In this documentary, Bear Grylls takes us on a journey through the most extreme version of the world's highest and most legendary peak: Mount Everest. Several leading figures in mountaineering and extreme sports, for whom a standard ascent is no longer enough, transform Everest into a laboratory for extreme challenges. Told through archival footage and reenactments, this elite group seeks new forms of performance, attempting to ski the slopes, snowboard down them, hang-glide or paraglide above the summit ridge, open new routes on more technical and exposed faces, and break climbing records. The documentary also highlights the essential role of the Sherpas, the colossal logistics behind each attempt, the explosion of commercial expeditions, and the moral debate surrounding the ever-increasing risks involved in breaking records or achieving unprecedented feats.
Clean Mountains
In 2013, the world's media reported on a shocking mountain-high brawl as European climbers fled a mob of angry Sherpas. Director Jennifer Peedom and her team set out to uncover the cause of this altercation, intending to film the 2014 climbing season from the Sherpa's point-of-view. Instead, they captured Everest's greatest tragedy, when a huge block of ice crashed down onto the climbing route...
A documentary of the first successful expedition to the summit of Mount Everest. New Zealand's Edmund Hillary and Sherpa Tenzing Norgay climb Mount Everest in 1953.

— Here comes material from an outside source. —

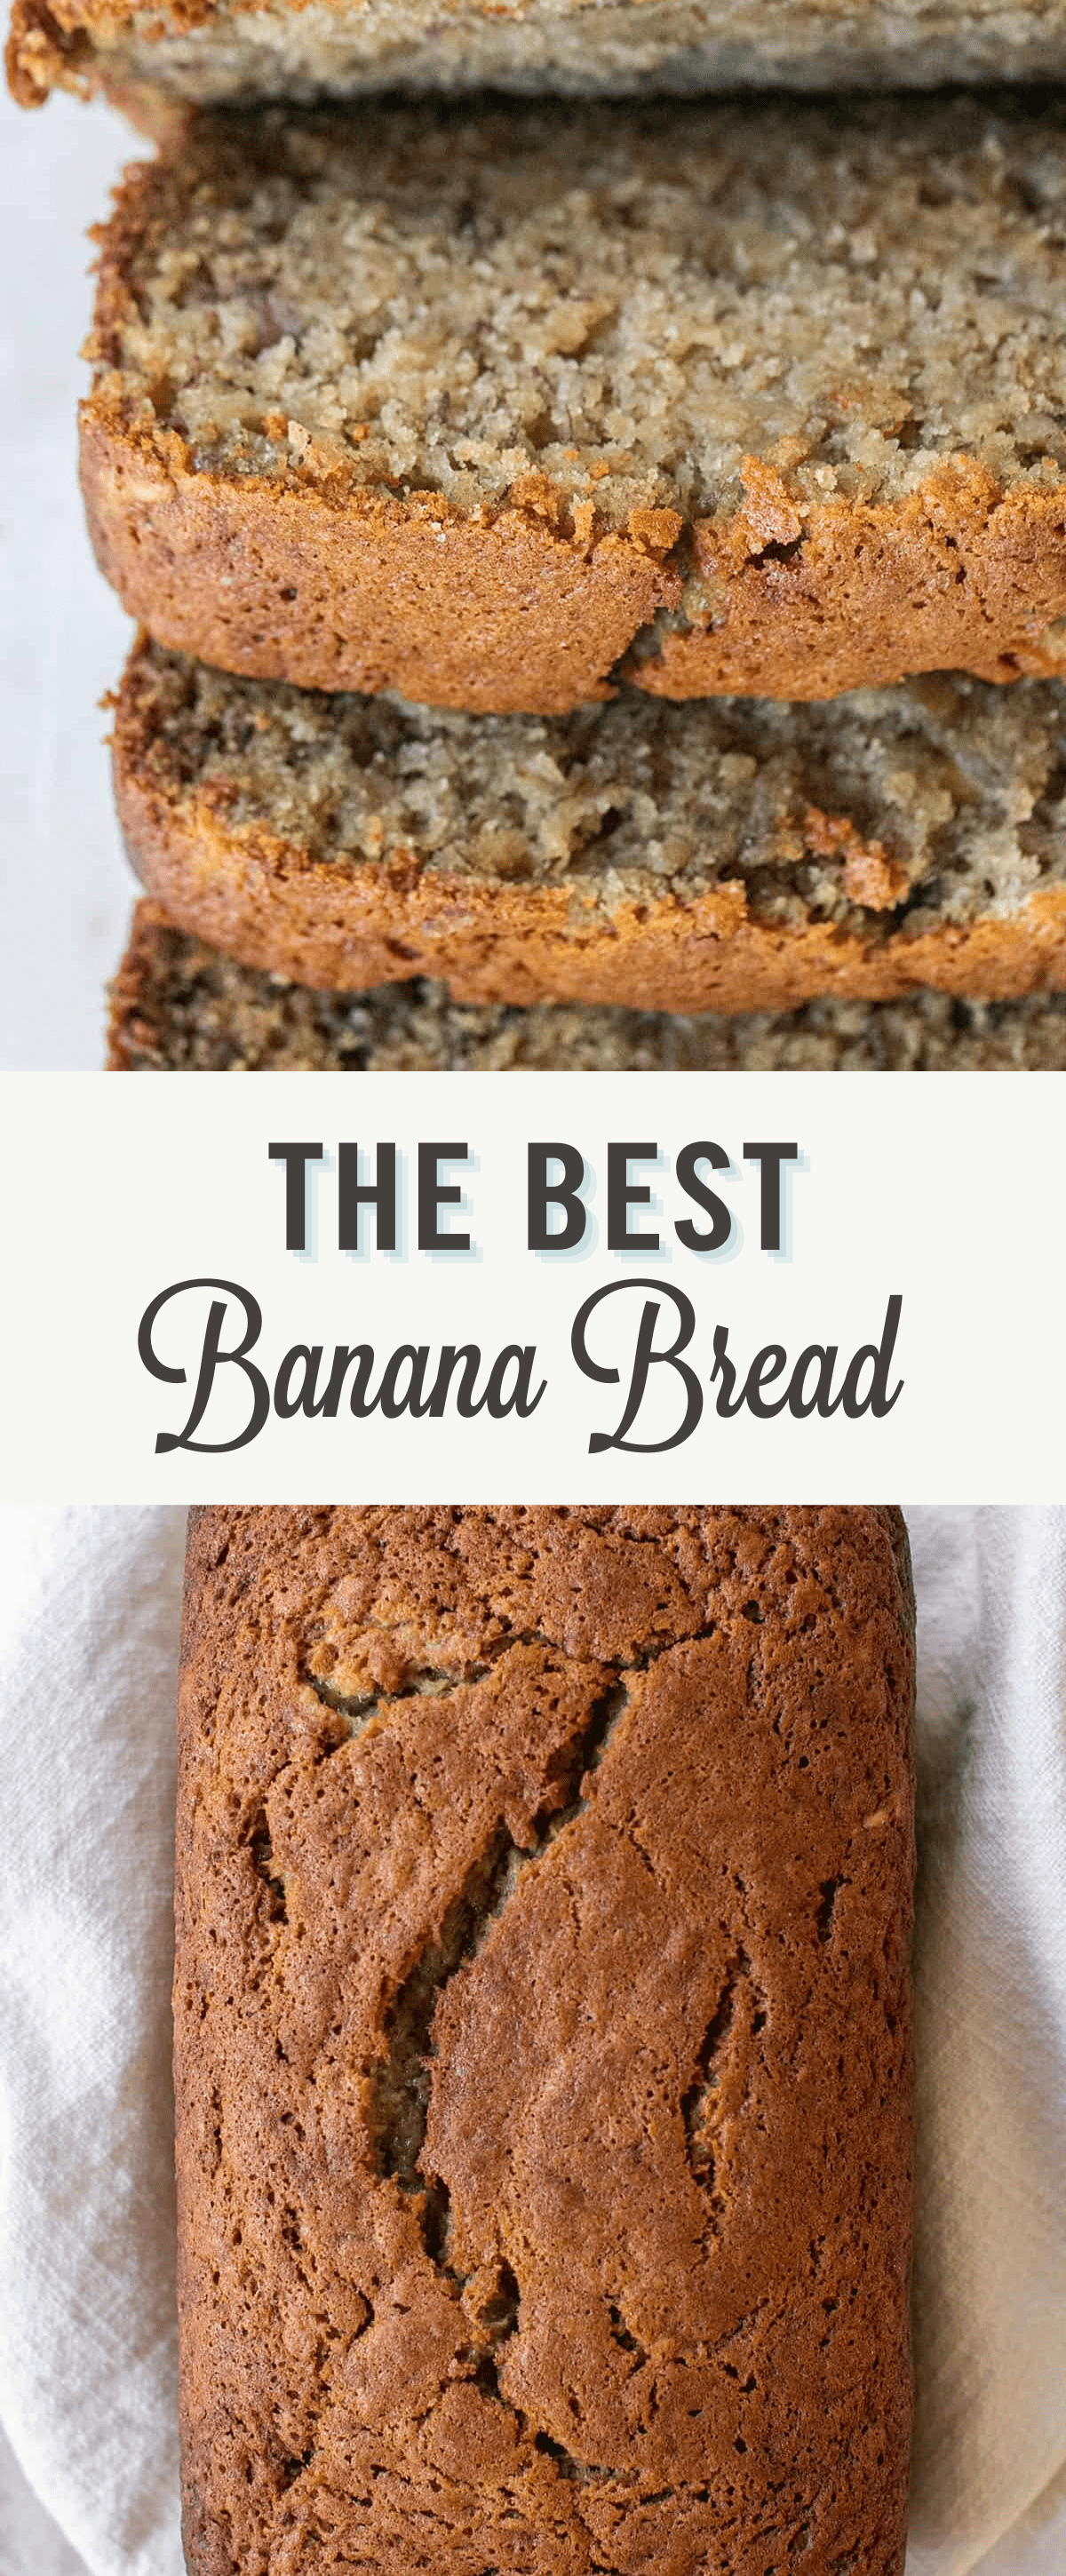 The best banana bread recipe.
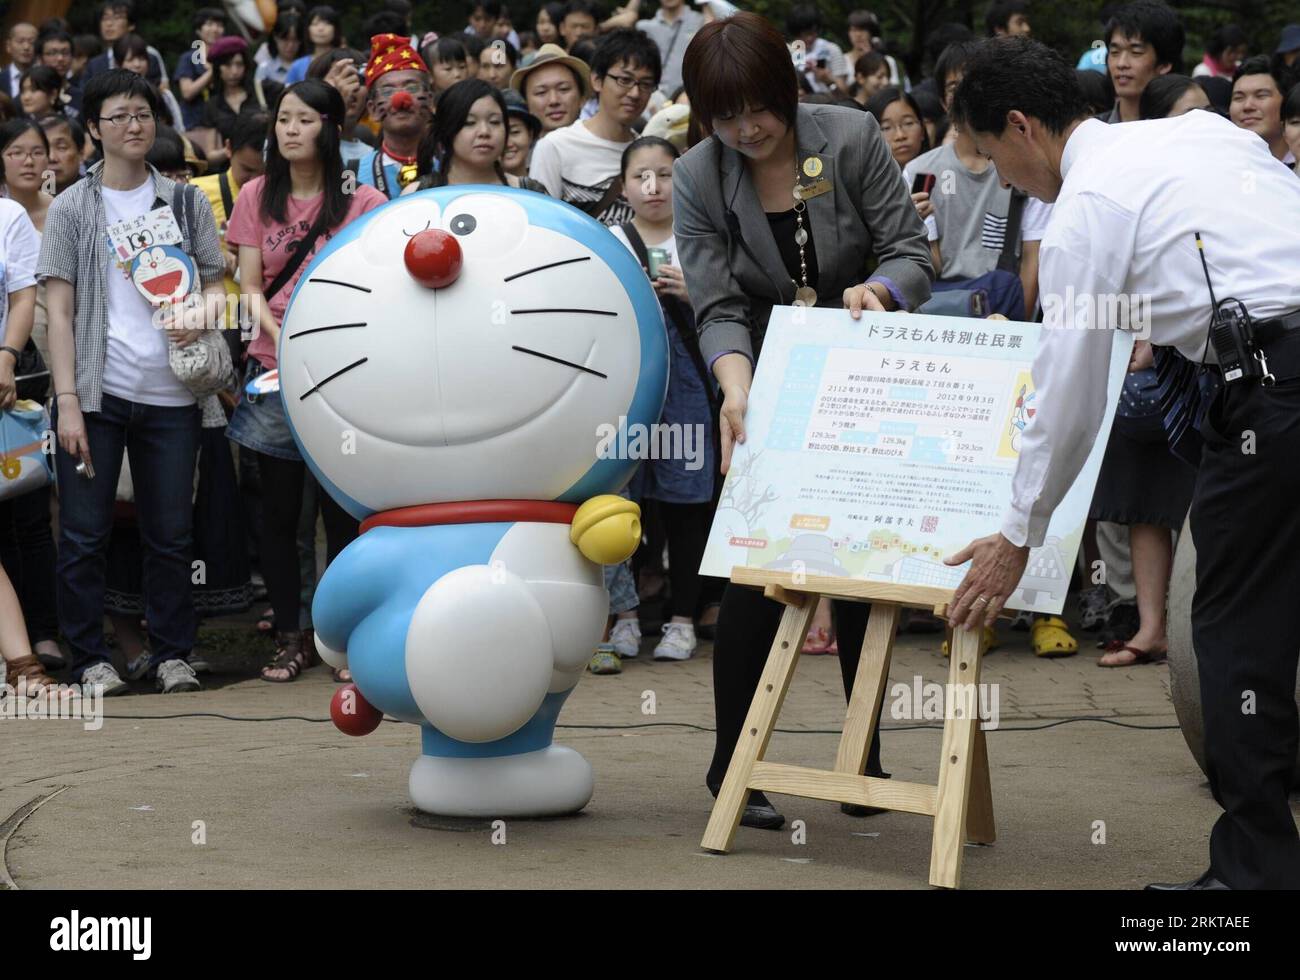 Bildnummer: 58423630 Datum: 03.09.2012 Copyright: imago/Xinhua (120903) -- KAWASAKI, 3. September 2012 (Xinhua) -- Arbeiter zeigen Doraemon während einer Feier am 100. September vor Doraemons Geburt im Fujiko F. Fujio Museum in Kawasaki, Japan, 3. September 2012 die besondere Wohnbescheinigung von Kawasaki. Doraemon ist eine japanische Zeichentrickfigur, die von Fujikon F. Fujio geschaffen wurde. Doraemon wurde am 3. September 2112 geboren. (Xinhua/Kenichiro Seki) (psw) JAPAN-KAWASAKI-DORAEMON-CELEBRATION PUBLICATIONxNOTxINxCHN Entertainment Kultur Popkultur Comic Comicfigur Jubiläum Feier Obje Stockfoto

Ueli Steck (Switzerland), Simone Moro (Italy) and Jon Griffith (GB) are not like 95% of the climbers on Everest: they don't use oxygen, altimeters (improperly called Sherpas), or fixed ropes. In 2013, the trio aims to repeat the arduous Western Spur. The Sherpas have the mission to equip the mountain with fixed ropes on this famous day, up to Camp 3: ropes without which customers of commercial expeditions could not climb Everest. An argument ensued, insults were hurled from both sides. The confrontation at Camp 2 degenerated: a Sherpa water bottle physically attacked the trio of Europeans. Blows and stones were thrown and threats led the trio to flee the mountain. The Réel Rock film crew, which is part of the climbing team, films this chaos without complacency.